Wednesday, May 27, 2015

How Pharma Can Improve Its Public Image

In a 2007 survey, the public rated the pharmaceutical industry less favorably than IT, electronic goods, food & beverages, waste collection/recycling, medical devices, telecom, automotives, and personal/beauty products. The only industries that the survey's 1,200 respondents viewed more unfavorably than pharma were those involving oil & gas, chemicals and tobacco.
Now Pharma has an opportunity to change that.
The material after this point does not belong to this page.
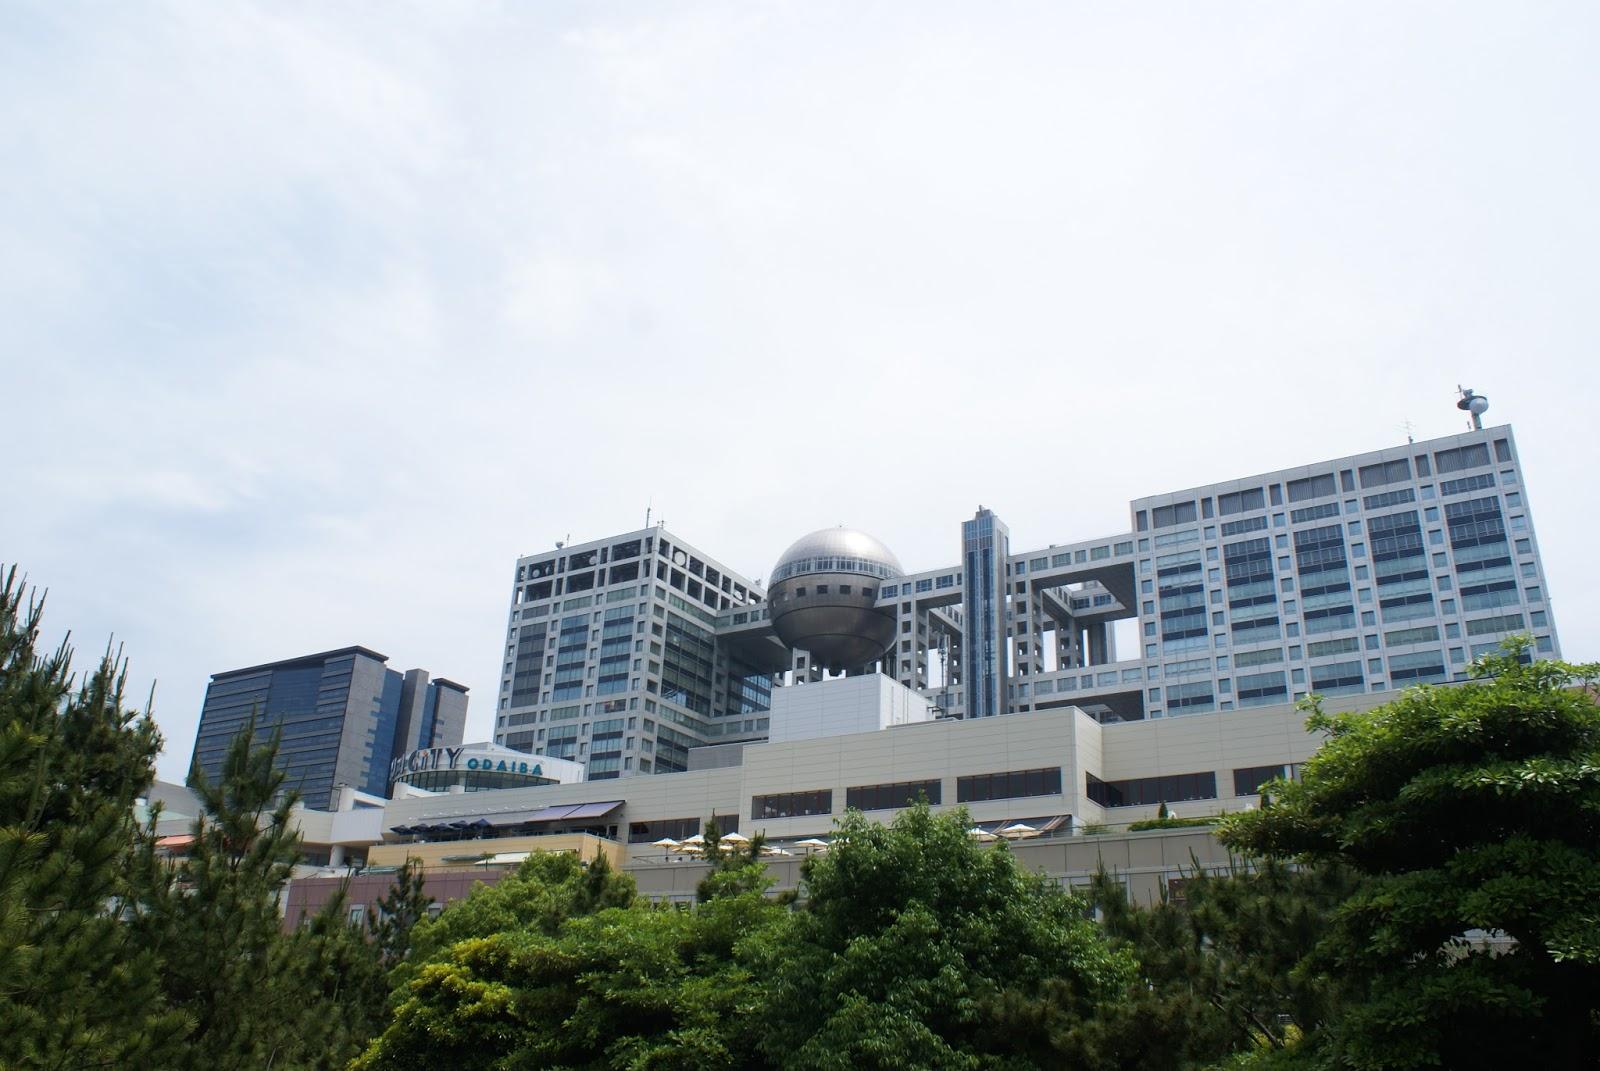 tokyo odaiba japan fuji tv building

How Pharma Can Improve Its Public Image

In a 2007 survey, the public rated the pharmaceutical industry less favorably than IT, electronic goods, food & beverages, waste collection/recycling, medical devices, telecom, automotives, and personal/beauty products. The only industries that the survey's 1,200 respondents viewed more unfavorably than pharma were those involving oil & gas, chemicals and tobacco.

That was an ominous result because pharma's profitability rests on a base of patent protection and regulation that impede competitive entry and provide insulation from the market. Stated another way, if a substantial part of an industry's profit depends upon an ongoing monopoly/oligopoly bestowed by popularly elected governments, then that industry should regularly try to enhance its image in the public eye.
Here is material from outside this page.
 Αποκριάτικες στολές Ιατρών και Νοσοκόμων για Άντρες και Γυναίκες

Pharma appears in the process of ignoring an opportunity to do just that. Shortly before and after last fall's Congressional elections, the industry's lobbying group made it clear that they intend to terminate their short-lived cooperation with the Obama administration's health care efforts and return to their historical support for Republicans. That's unfortunate because if pharma opposes the Republican budget proposals, especially the one from Congressman Paul Ryan, the industry can help mitigate its tattered public image.
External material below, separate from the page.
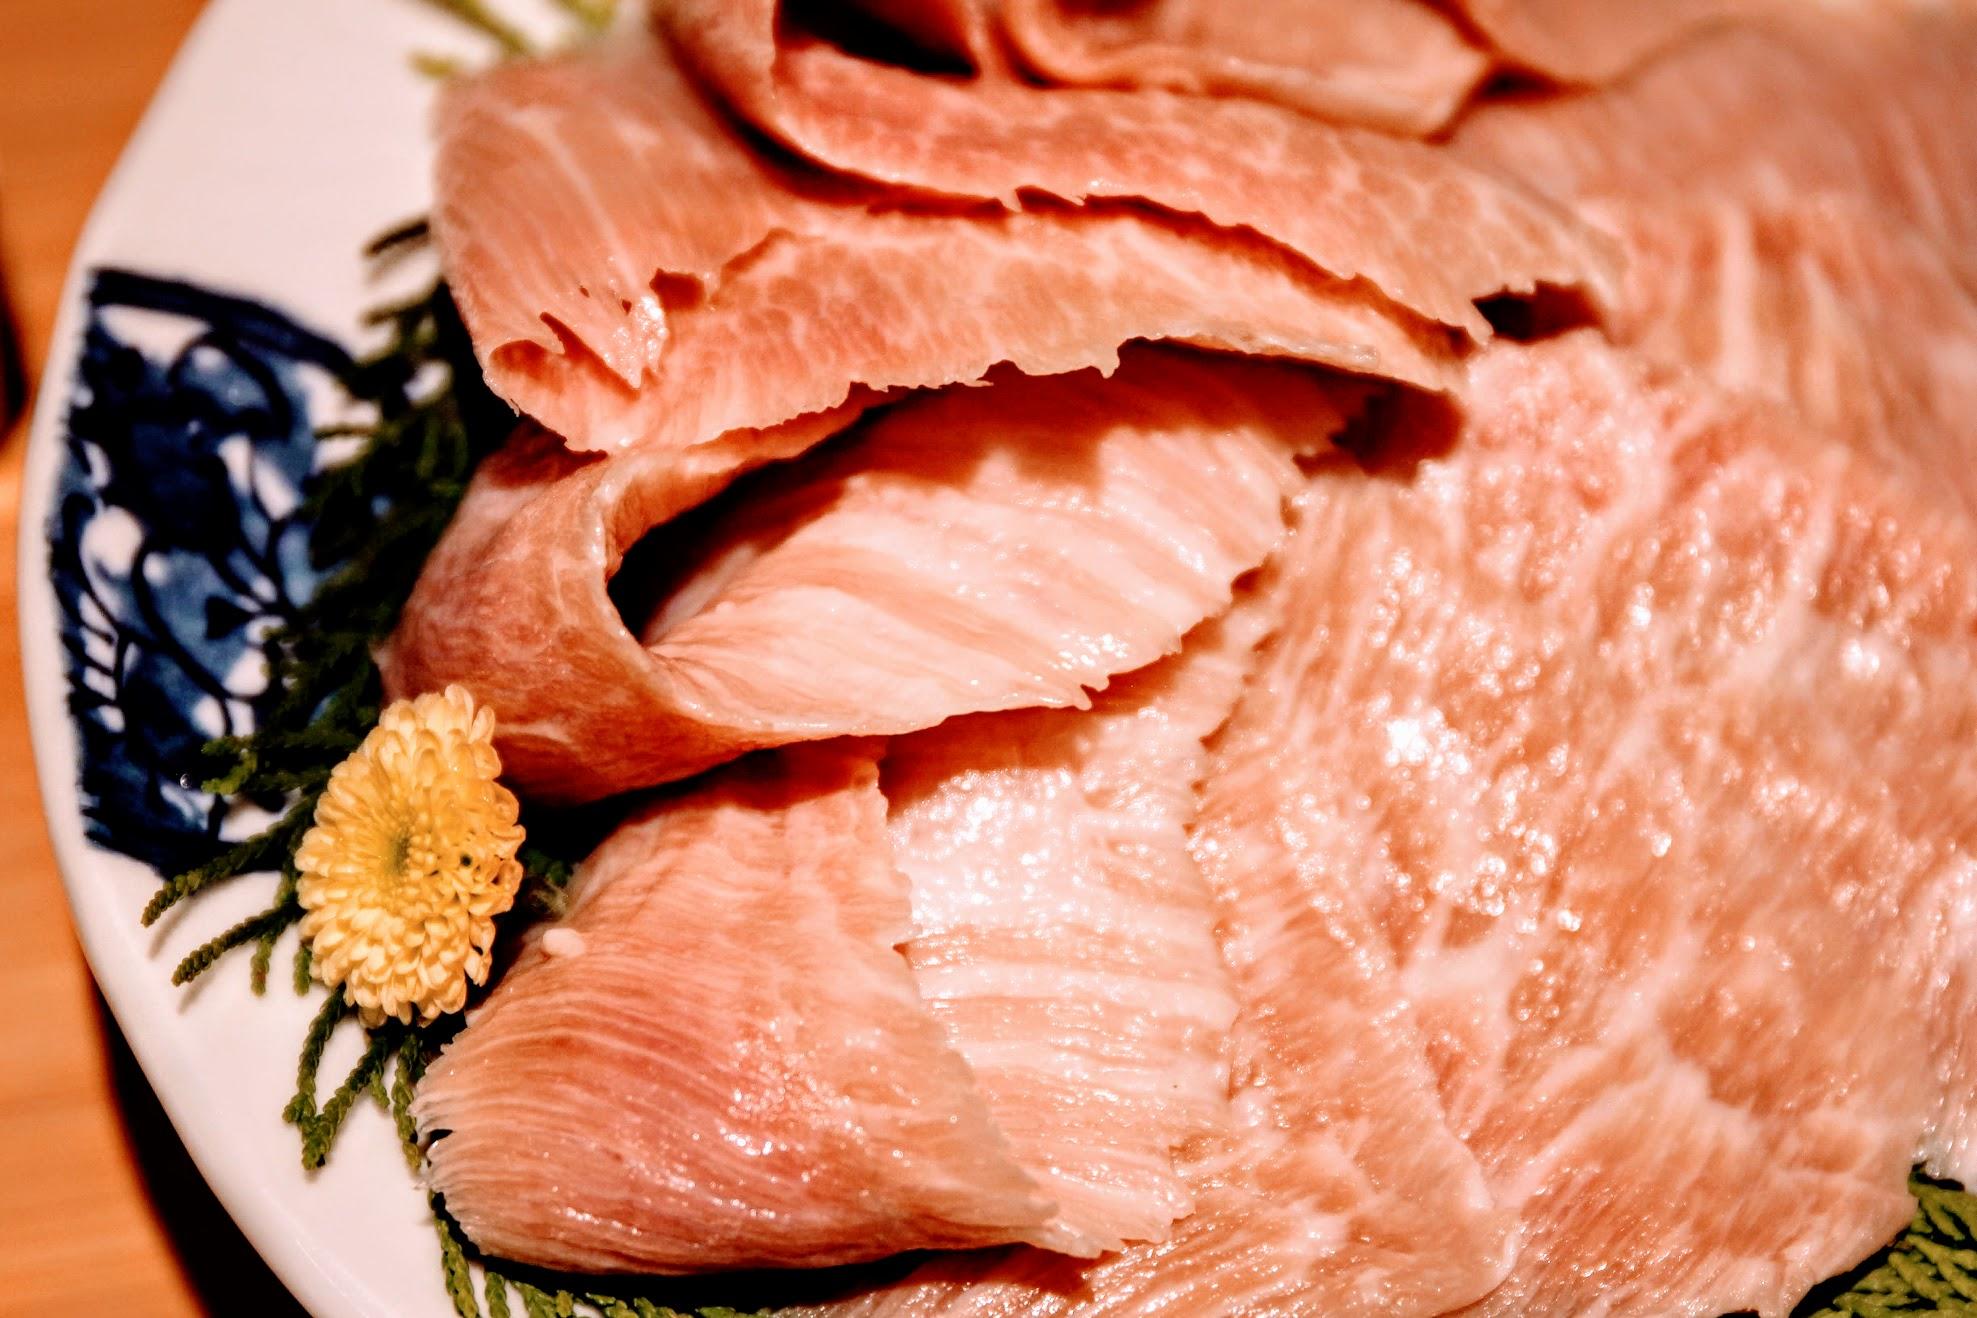 肉片還頗厚的,油花分布均勻,口感則跟牛肉完全不同啊

The Republican budget proposal by Wisconsin Congressman Ryan is not just a typical political grab-bag with features that include the good, the bad and the irrelevant. Rather it is an entirely unmitigated disaster that offers pharma a chance to establish its bona fides as an advocate for public well being by opposing the entire scheme. In a recent analysis of the Ryan budget, Robert Greenstein of Center on Budget and Policy Priorities called it "a cowardly budget" that takes a "reverse Robin Hood" approach by making "the lion's share of its budget cuts from programs for low-income Americans...even as it bestows extremely large tax cuts on the wealthiest." In the unlikely space of the Wall Street Journal's op-ed page, Princeton economist and former Federal Reserve vice-chairman, Alan Blinder, also labeled Ryan's plan as Robin Hood in reverse.

Leaving aside consideration that Ryan's proposed cuts to Pell Grants, education and basic research would hobble vital investments in America's economic future, pharma could help to improve its unfavorable image merely by taking a public position against those parts of the plan dealing with health care. Ryan's proposal would increase the rolls of uninsured and underinsured people by the tens of millions and effectively ration health care on the basis of income. It would do that in at least two ways, first by repealing the provisions of last year's health care law that extended coverage to 34 million people, and secondly, by cutting an additional $771 billion from Medicaid over the next ten years.

Ryan would then replace the current Medicare and Medicaid system with a voucher to buy private insurance, an idea he euphemistically terms a "defined contribution." That voucher amount would not rise to meet annual increases in health care costs, thereby forcing seniors and modest-income Americans to purchase skimpier and skimpier coverage every year.

Republican slogans notwithstanding, the desire to merely contain the growth of government health care spending does not plausibly seem to be the principal motive behind Ryan's budget because his plan calls for repealing the Independent Payment Advisory Board, the key provision of last year's legislation that was designed to contain Medicare costs.

Blinder and others believe the true intent of Ryan's draconian budget consists of shrinking federal spending as a percentage of GDP to the point of totally crippling many of the government's basic functions. They base this on the fact that the Ryan plan, by 2050, would reduce federal spending to its lowest percentage of GDP since 1951, a year that preceded the existence of Medicare, Medicaid, and the departments of Health & Human Services, Veterans Affairs, Education, Energy, Transportation and Homeland Security.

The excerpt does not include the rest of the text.